Porém, a situação objetiva conduzirá, mais cedo ou mais tarde, a classe trabalhadora italiana a regressar às ruas em peso, independentemente da ausência de uma política de confrontação e de luta por parte daqueles que ocupam hoje as direções da esquerda. A classe trabalhadora e a juventude já deixaram clara a sua intenção de lutar. Vimo-lo através das numerosas mobilizações dirigidas pelo movimento das sardinhas em 20193 que refletiram a enorme raiva acumulada durante os últimos anos, e também as lutas e greves nas zonas industriais do norte do país e os protestos dos trabalhadores do setor da saúde, durante a pandemia. Fora do parlamento, a organização Poder ao Povo, está a arrastar consigo os setores combativos da esquerda, já criticou a formação do novo Governo e denunciou o seu caráter de classe. 

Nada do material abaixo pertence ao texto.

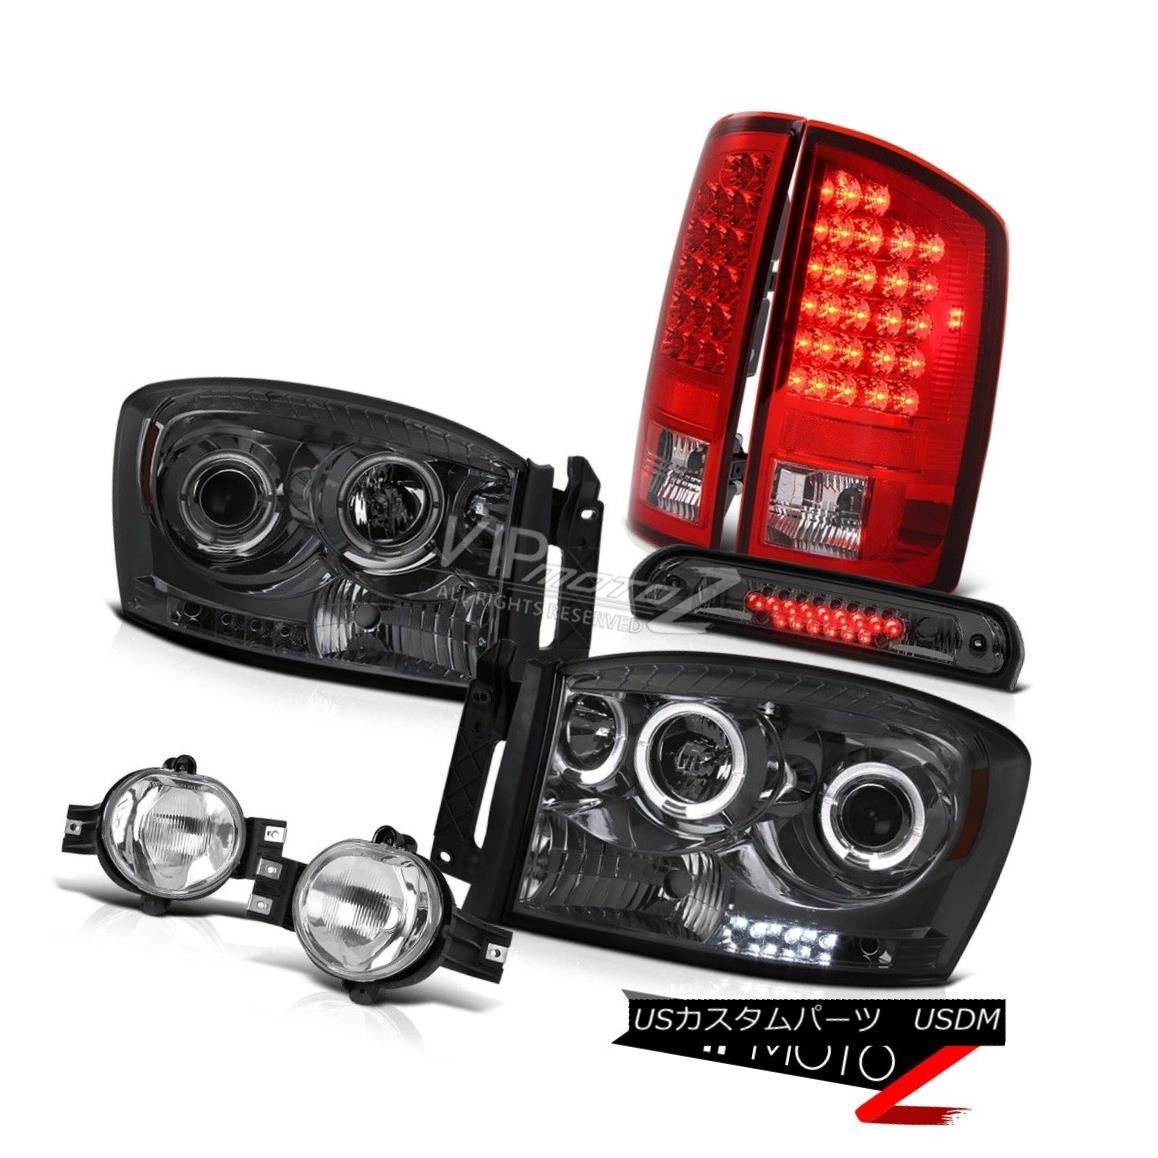 Set of Euro Clear Halo Headlights w// Park Signal Light for 2001-2006 GMC Denali

Há que erguer uma esquerda combativa, que denuncie a política de conciliação dos dirigentes sindicais e da esquerda reformista, que reivindique a necessidade de uma greve geral para travar os ataques (que não terminam), para reconquistar direitos e que exija um plano de resgate à saúde e à educação pública. Faz falta uma alternativa revolucionária, que se oponha à lógica deste sistema e defenda um programa realmente socialista, começando pela nacionalização dos setores estratégicos da economia sob o controlo democrático dos trabalhadores e trabalhadoras. 

 

1. Aliança eleitoral reformista, à esquerda do PD.

2. Cisão do PD liderada por Matteo Renzi.

3. Italia. Salvini puede ser derrotado con la lucha de masas y un programa revolucionario.